3. **Risk-Reward Profile**: What are the typical gains vs. potential losses in forward periods?
4. **Historical Consistency**: How reliable is this pattern across different market regimes?

## Expected Analytical Outputs

### 📈 **Performance Metrics**
- Percentage of years with positive September returns
- Average forward returns for each time horizon (30/60/90 days)
- Success rates for positive forward performance
- Risk metrics including standard deviation and drawdown analysis

### 📊 **Statistical Summary**
- Complete descriptive statistics (count, mean, std, min, quartiles, max)
- Distribution characteristics of forward returns
- Comparison across different time horizons
- Identification of outlier years and extreme events

## Financial Market Context

### 🎯 **Practical Applications**
- **Seasonal Trading Strategies**: Evidence-based calendar effects
- **Portfolio Timing**: Tactical asset allocation decisions  
- **Risk Management**: Understanding forward-looking volatility patterns
- **Market Efficiency**: Testing weak-form efficiency in equity markets

### ⚠️ **Important Considerations**
- **Sample Size**: Long historical dataset provides statistical robustness
- **Market Regime Changes**: Results may vary across different economic periods
- **Transaction Costs**: Real-world implementation requires cost consideration
- **Overfitting Risk**: Historical patterns may not persist in future markets

---

## Methodology Notes

### 🔧 **Technical Implementation**
- **Date Handling**: Precise month-end calculations using pandas offsets
- **Missing Data**: Robust error handling for data gaps and market closures
- **Log Returns**: Mathematically correct compounding for multi-period analysis
- **Percentage Display**: User-friendly formatting for financial interpretation

### 📋 **Analysis Structure**
1. **Data Loading & Preparation**: Historical S&P 500 data processing
2. **Monthly Resampling**: Convert daily to month-end observations
3. **Positive Month Identification**: Filter for target month positive returns
4. **Forward Return Calculation**: Precise 30/60/90-day forward analysis
5. **Statistical Summary**: Comprehensive descriptive statistics
6. **Results Interpretation**: Financial and statistical significance assessment

---

*This analysis provides quantitative evidence for seasonal patterns in equity markets, contributing to the literature on calendar effects and market anomalies. Results should be interpreted within the context of overall portfolio strategy and risk management framework.*

In [52]:
import pandas as pd
import numpy as np
import matplotlib.pyplot as plt

import warnings
warnings.filterwarnings("ignore")

# Fix the path construction - use forward slashes or raw strings
import os

# Method 1: Use forward slashes (recommended)
path = os.path.abspath(os.path.join("..", "04_S&P500_quant_analysis", "01_data", "S&P500_D_1789-05-01_2025-09-17.csv"))

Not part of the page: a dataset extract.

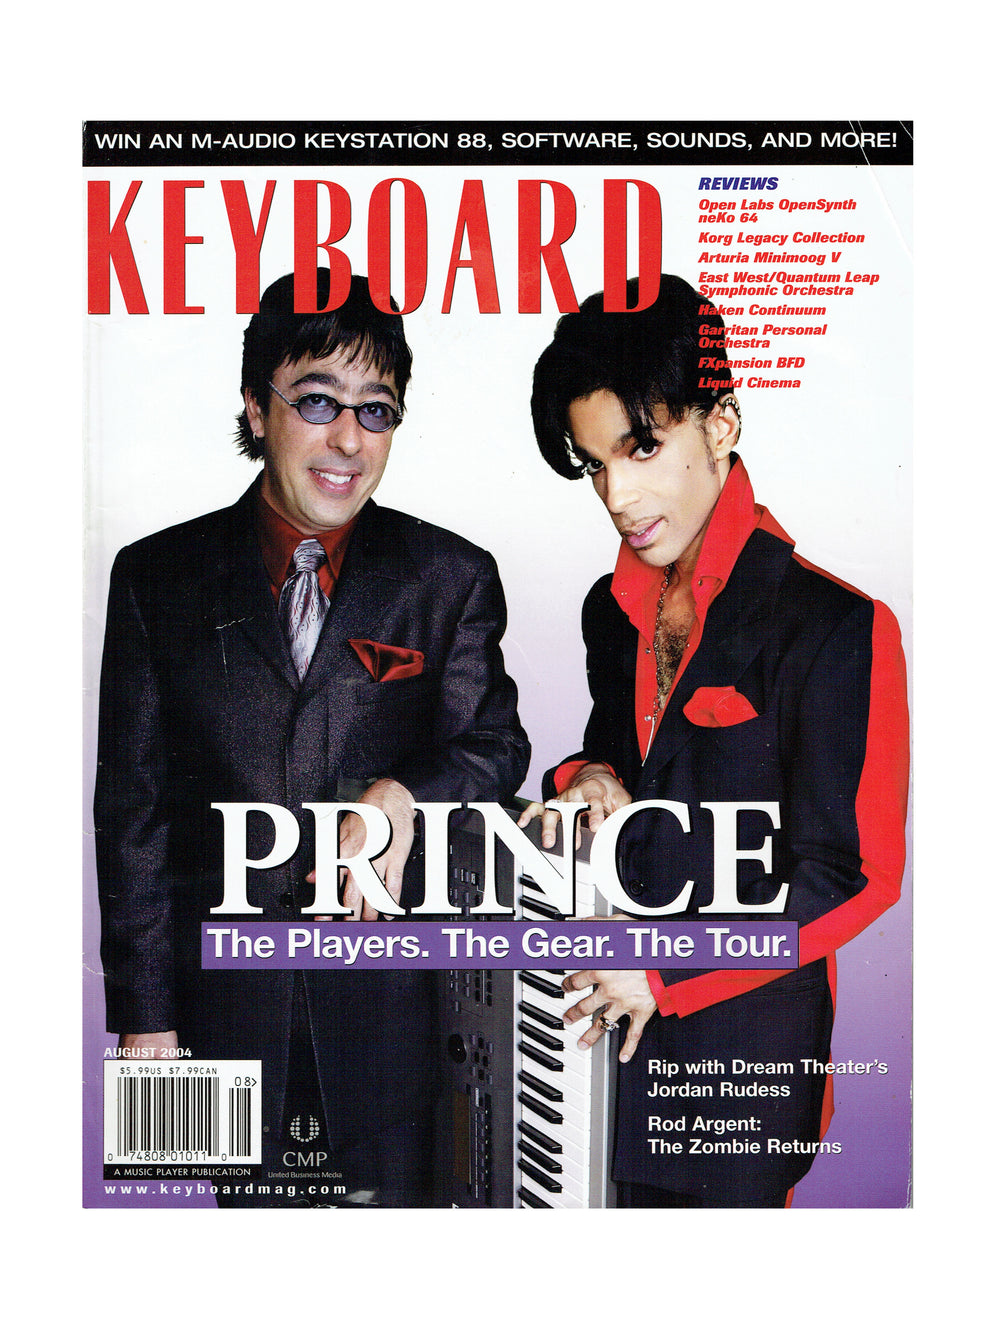 Prince Keyboard Magazine August 2004 Renato Neto Cover 5 Page Article

# Alternative Method 2: Use raw string
# path = os.path.abspath(os.path.join("..", r"04_S&P500_quant_analysis\01_data", "S&P500_D_1789-05-01_2025-09-17.csv"))

# Alternative Method 3: Use pathlib (modern approach)
# from pathlib import Path
# path = Path("..") / "04_S&P500_quant_analysis" / "01_data" / "S&P500_D_1789-05-01_2025-09-17.csv"

# print(f"Path exists: {os.path.exists(path)}")

# Read the CSV file
df = pd.read_csv(path)

# lower case column names for easier access
df.columns = [col.lower() for col in df.columns]

# Set the 'date' column as the index and convert it to datetime
df['date'] = pd.to_datetime(df['date'])
df.set_index('date', inplace=True)

# Show the first few rows of the dataframe
df.head()

Unnamed: 0_level_0,open,high,low,close,volume
date,Unnamed: 1_level_1,Unnamed: 2_level_1,Unnamed: 3_level_1,Unnamed: 4_level_1,Unnamed: 5_level_1
1789-05-01,0.51,0.51,0.51,0.51,0.0
1789-06-01,0.51,0.51,0.51,0.51,0.0
1789-07-01,0.5,0.5,0.5,0.5,0.0
1789-08-01,0.5,0.51,0.5,0.51,0.0
1789-09-01,0.51,0.51,0.5,0.51,0.0


In [53]:
# Calculate simple returns with pct_change()
df['simple_returns'] = df['close'].pct_change()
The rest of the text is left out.